> [GIVEN RECORDS]:

-=-=-=-=-

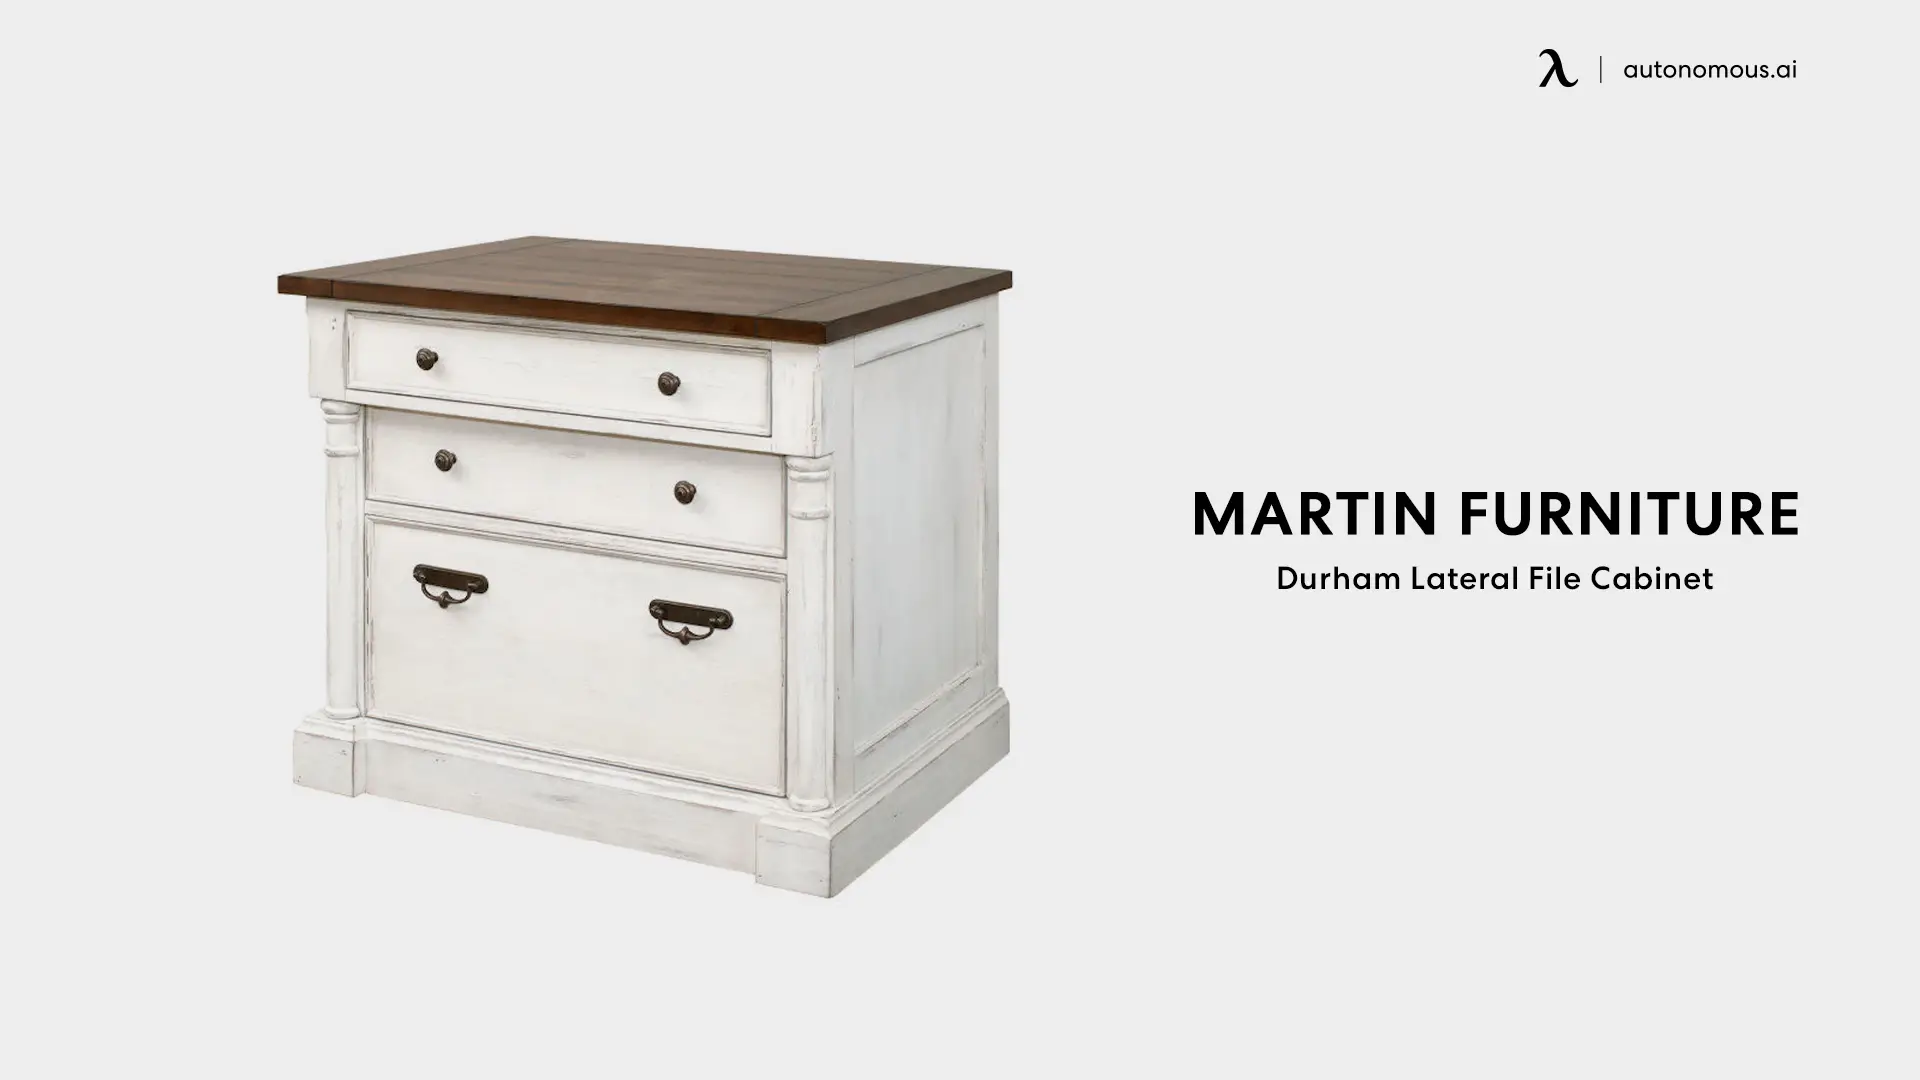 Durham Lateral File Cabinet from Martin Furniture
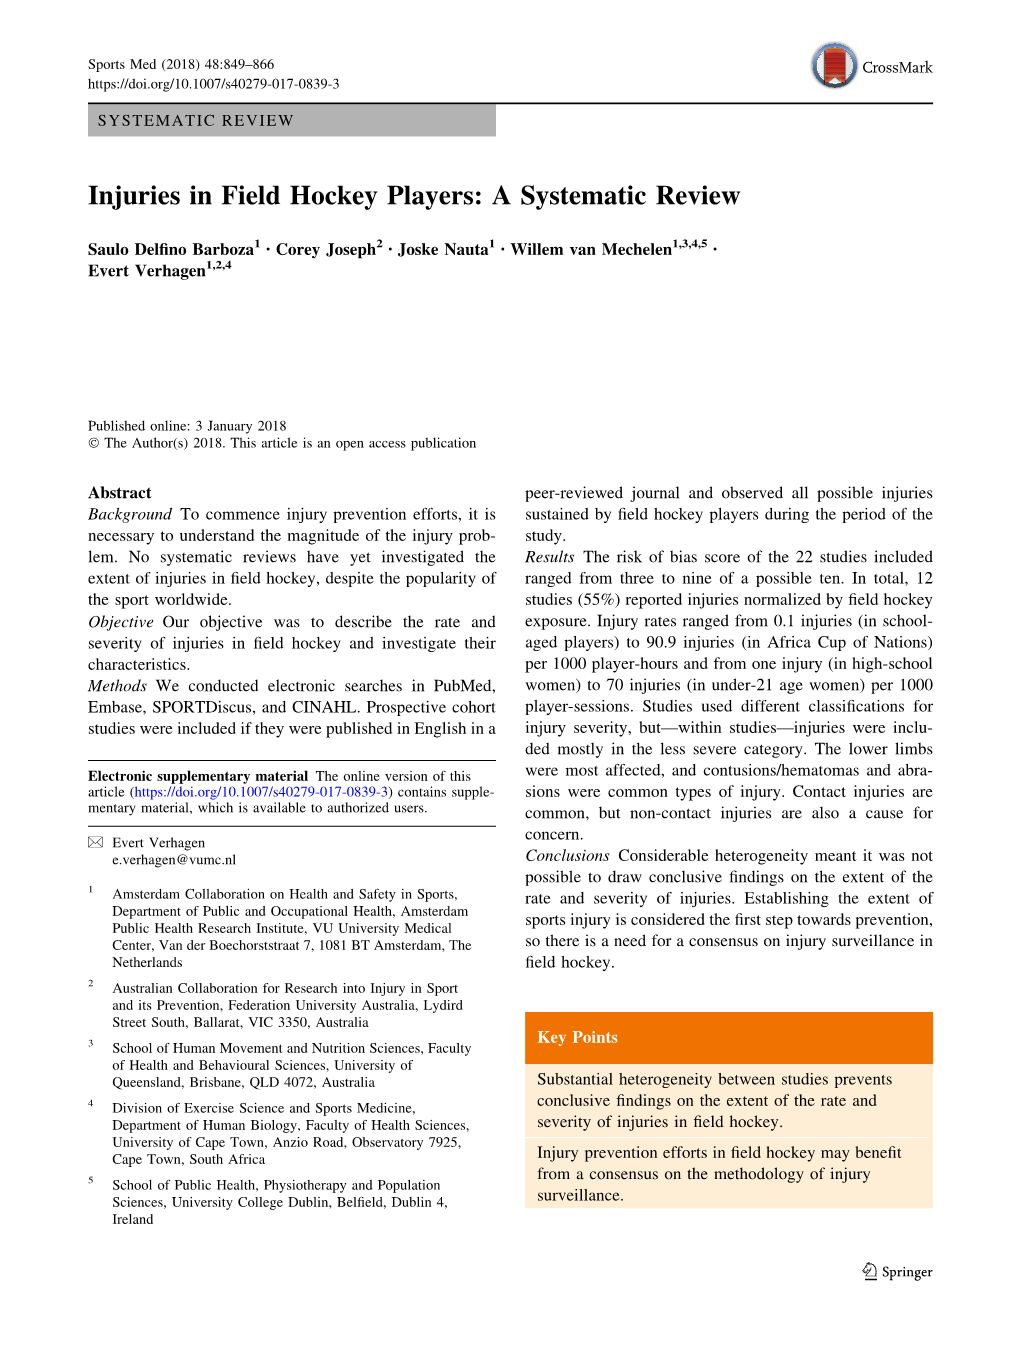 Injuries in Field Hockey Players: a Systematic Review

-=-=-=-=-

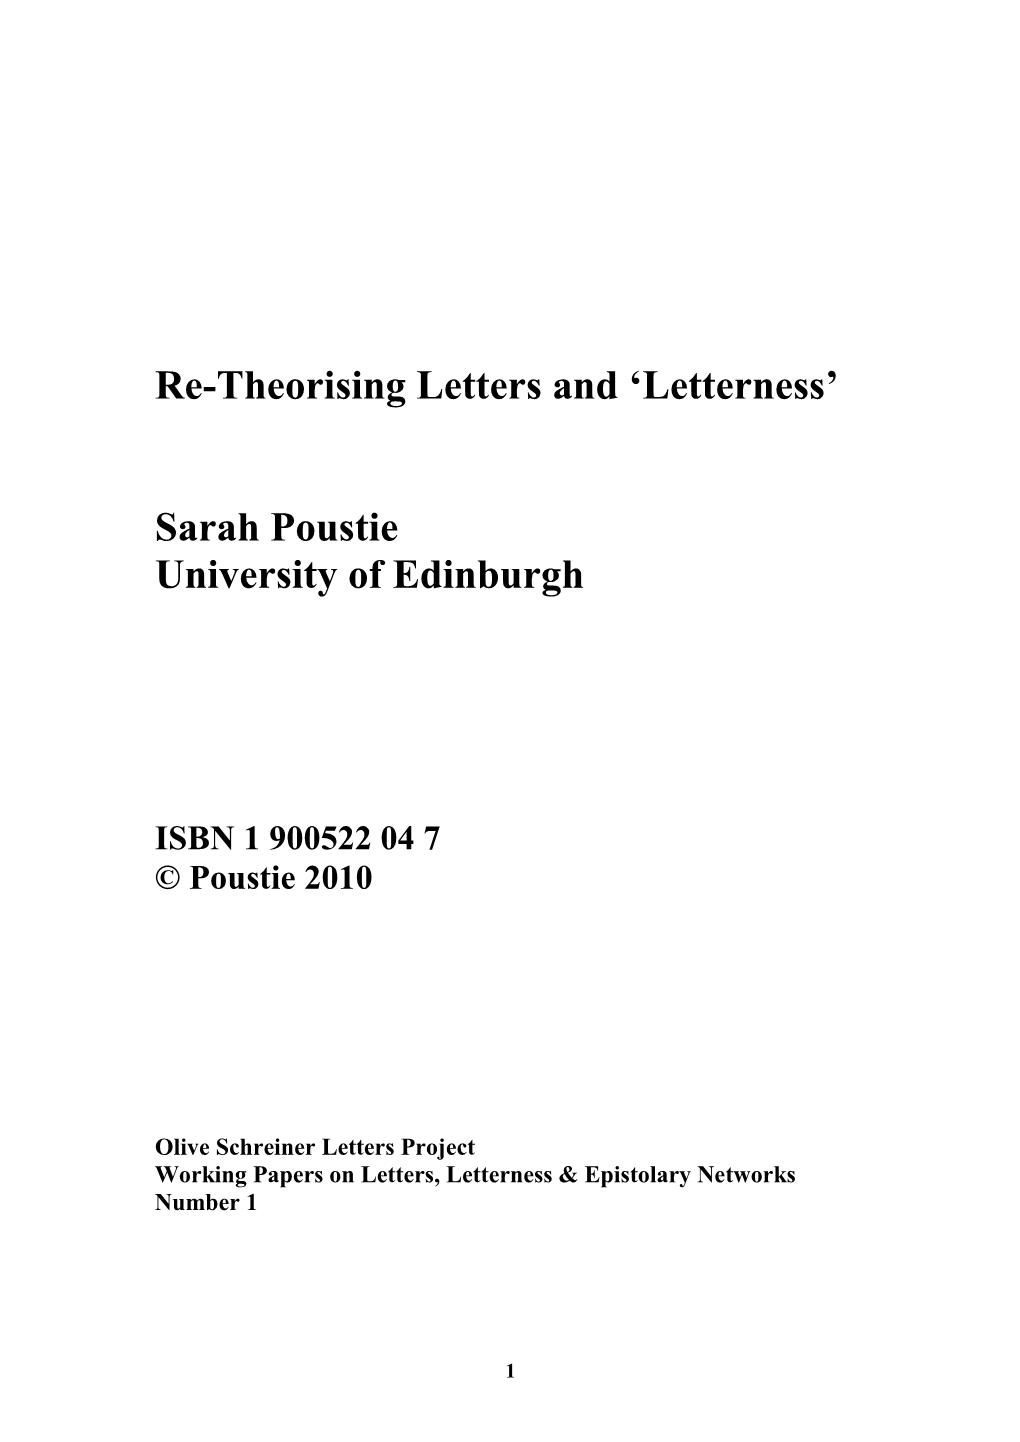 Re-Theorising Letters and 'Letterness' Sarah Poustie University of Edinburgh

-=-=-=-=-

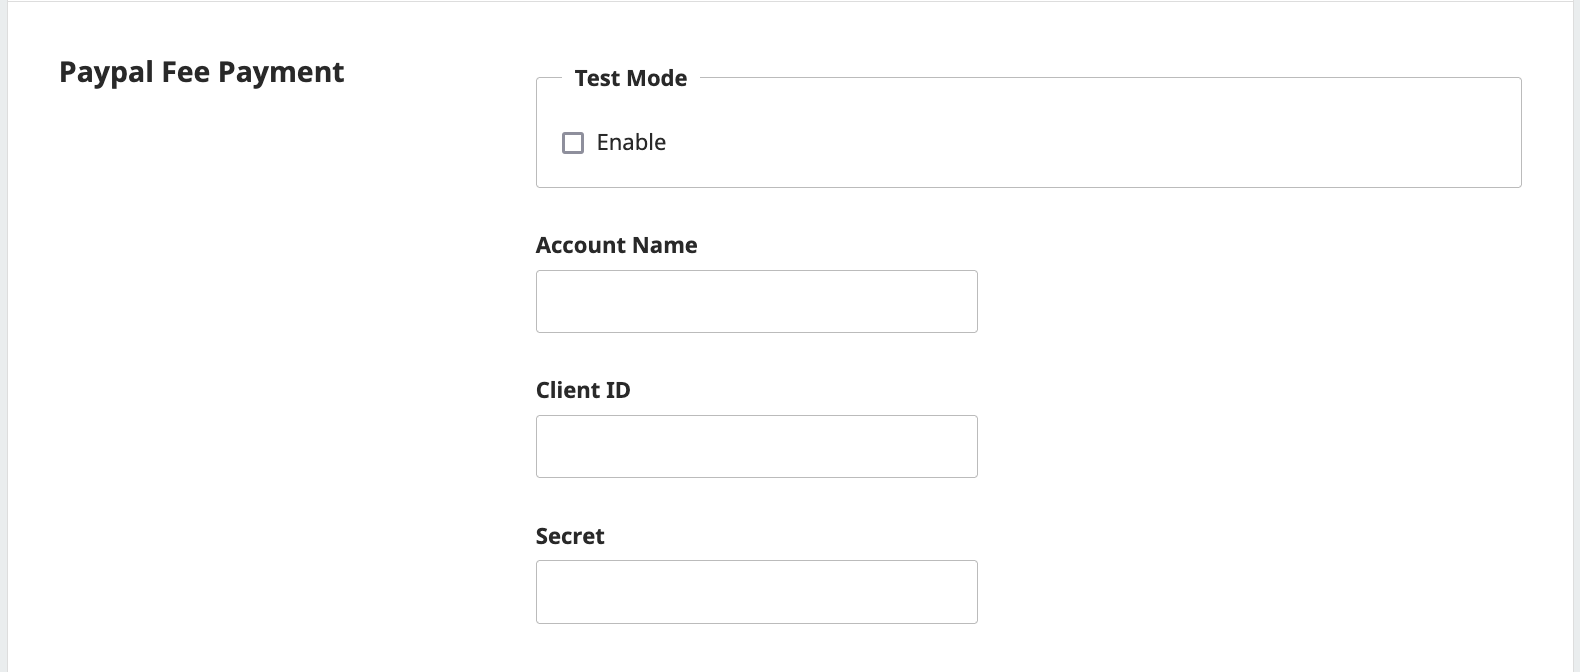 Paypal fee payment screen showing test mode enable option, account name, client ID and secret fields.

-=-=-=-=-

> [PROBLEM DETAILS]:
Although pictures appear among the records above, write out exactly only the lines from the one that has "Durham Lateral File" through the one that has "Injuries in Field", and leave the pictures out.

> [WRITTEN RESPONSE]:
 Durham Lateral File Cabinet from Martin Furniture
 Injuries in Field Hockey Players: a Systematic Review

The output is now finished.